Callbacks triggered: setRequestorComplete()
logout
Description: Use this method to initiate the logout flow. The logout is the result of a series of HTTP-redirect operations due to the fact that the user needs to be logged out from both Adobe Pass Authentication servers and also from the MVPD’s servers. As a result, this flow will open a ChromeCustomTab window to execute logout.
Availability: v3.0+
Parameters: None
Callbacks triggered: setAuthenticationStatus()
Programmer Implementation Flow Progr
1. Register Application
-
Obtain software_statement from Adobe Pass ( TVE Dashboard )
-
There are two options to pass these values to Adobe Pass SDK :
-
In strings.xml add :
code language-none <string name>"software\_statement">[softwarestatement value]</string> -
Call AccessEnabler.getInstance(appContext,softwareStatement, null)
-
2. Configure Application
-
a. setRequestor(requestor_id)
The SDK will perform the following operations:
- register application: using software_statement, the SDK will obtain a client_id, client_secret, client_id_issued_at, redirect_uris, grant_types. This information will be stored in the application’s internal storage.
- obtain an access_token using client_id, client_secret and grant_type=“client_credentials” . This access_token will be used on each call made by the SDK to Adobe Pass servers.
-
in case an MVPD requires Passive Authentication, a WebView will open to execute passive with that MVPD and will close when complete
-
b. checkAuthentication()
- true : go to Authorization
- false : go to Select MVPD
-
c. getAuthentication : the SDK will include access_token in call parameters
- mvpd remembered : go to setSelectedProvider(mvpd_id)
- mvpd not selected : displayProviderDialog
- mvpd selected : go to setSelectedProvider(mvpd_id)
-
d. setSelectedProvider
- mvpd_id authentication url is loaded in ChromeCustomTabs
- login successful : delegate.setAuthenticationStatus ( SUCCESS )
- login canceled : reset MVPD selection
- URL scheme is established as “adobepass://android.app” to capture when the authentication is complete
-
e. get/checkAuthorization : SDK will include **access_token **in header as Authorization: Bearer access_token
-
if authorization is succesful, a call will be made for obtaining the media token
-
f. logout :
- SDK will delete valid token for the current requestor (authentications obtained by other applications and not through SSO will remain valid)
- SDK will open Chrome Custom Tabs to reach mvpd_id logout endpoint.

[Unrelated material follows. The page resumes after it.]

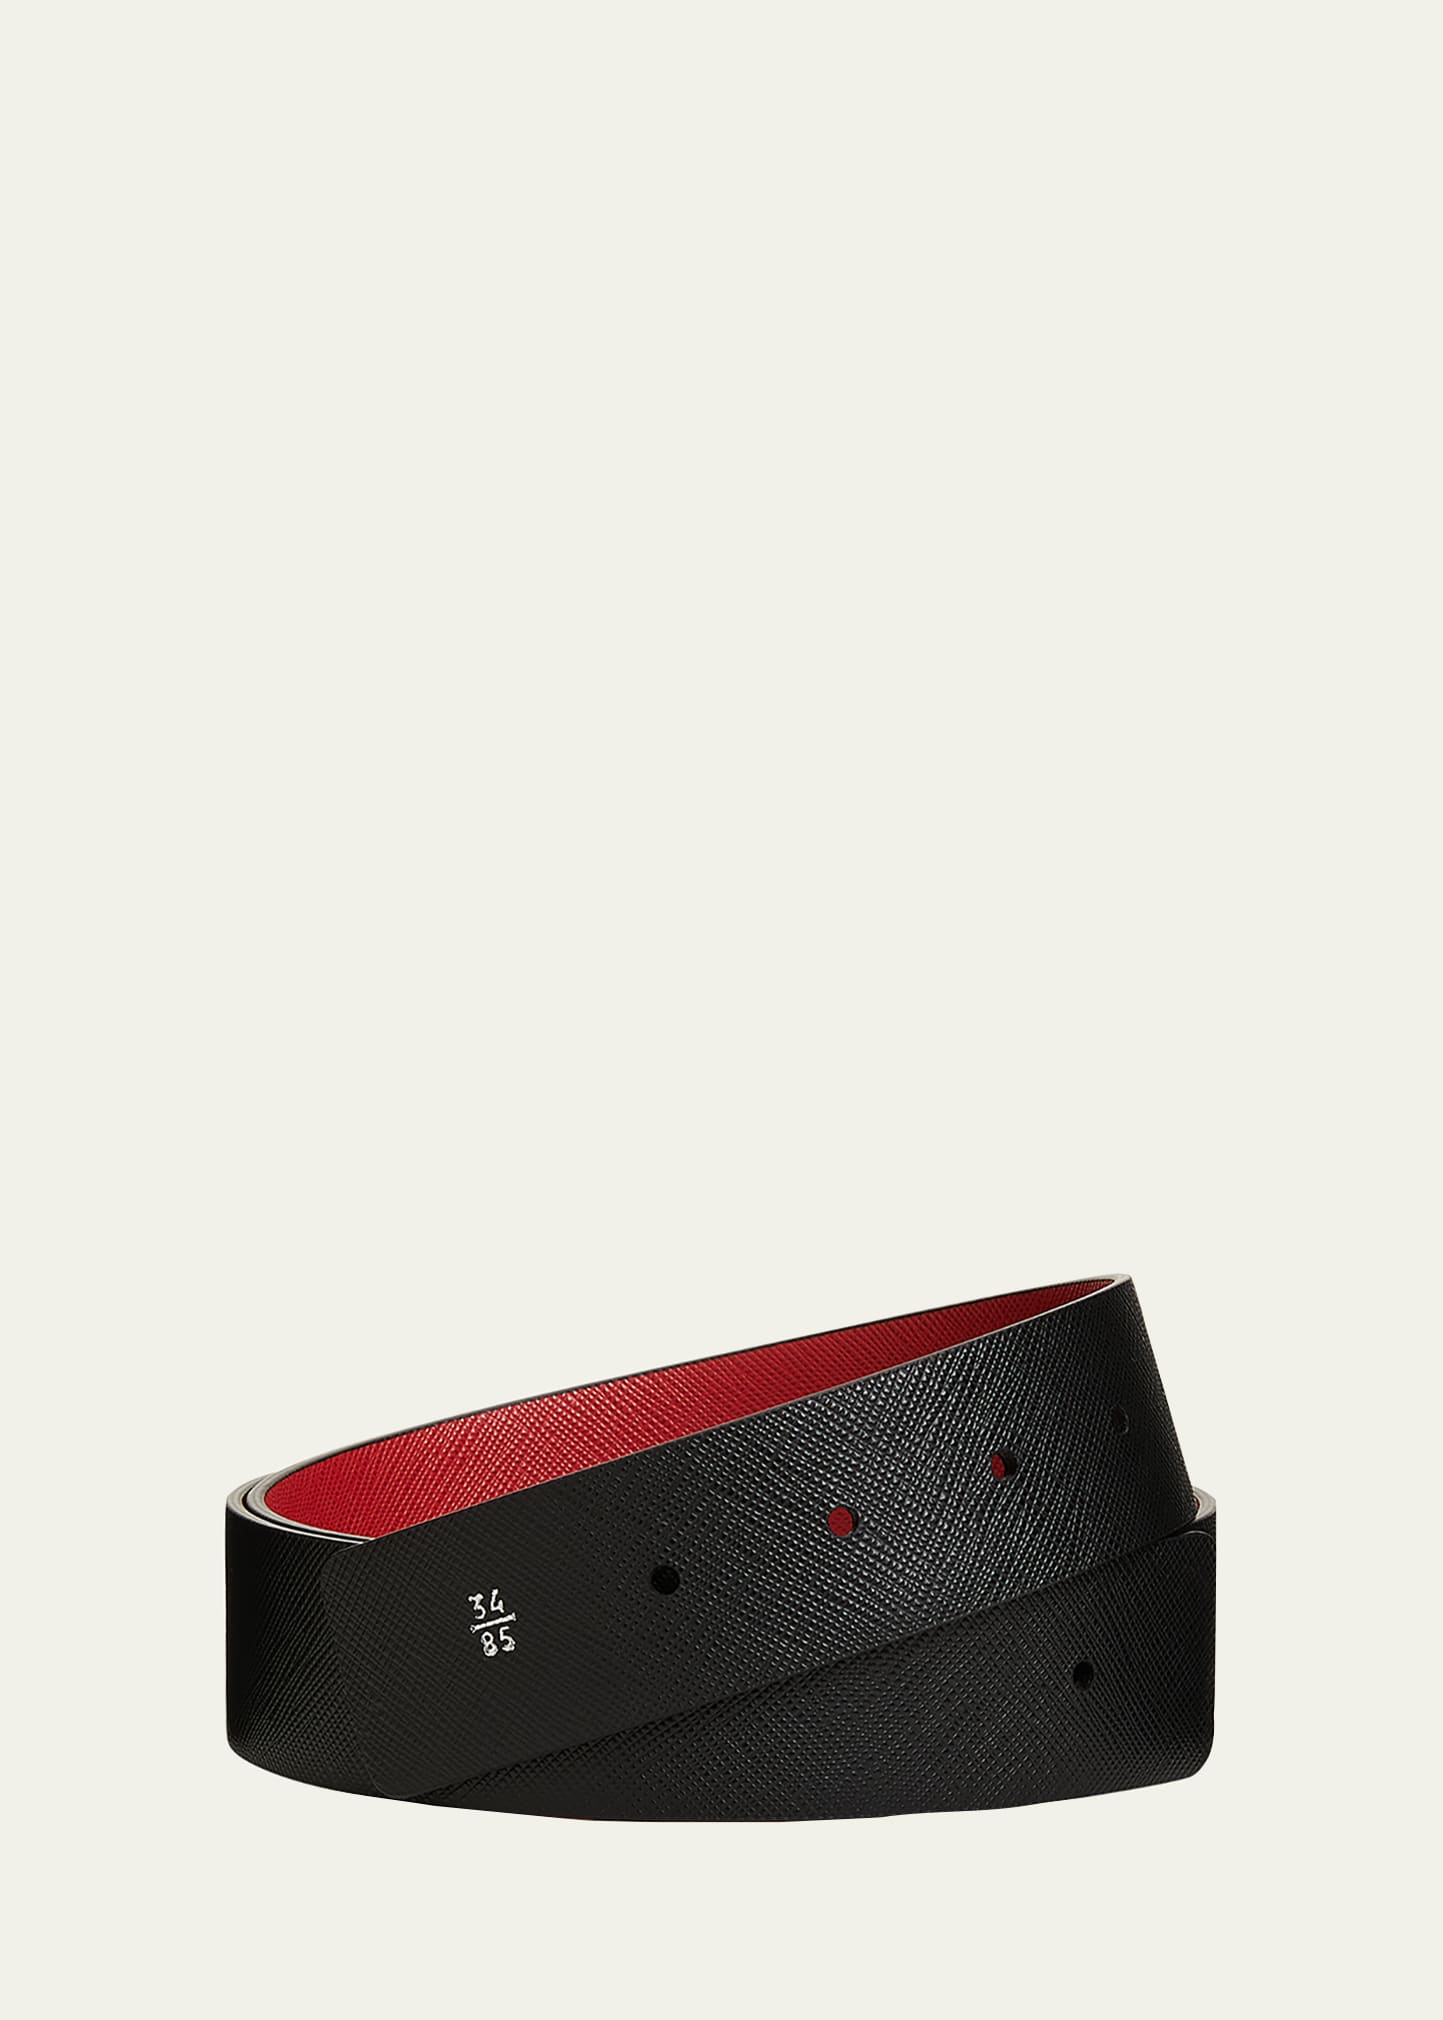 Prada Men's Saffiano Leather Belt Strap In Red

Once completed, the Chrome Custom Tabs will be closed
- URL scheme is established as “adobepass://logout” to capture the moment when logout is complete
- logout will trigger a sendTrackingData(new Event(EVENT_LOGOUT,USER_NOT_AUTHENTICATED_ERROR) and a callback : setAuthenticationStatus(0,“Logout”)
Note: as each call requires an access_token, possible error codes below are handled in the SDK.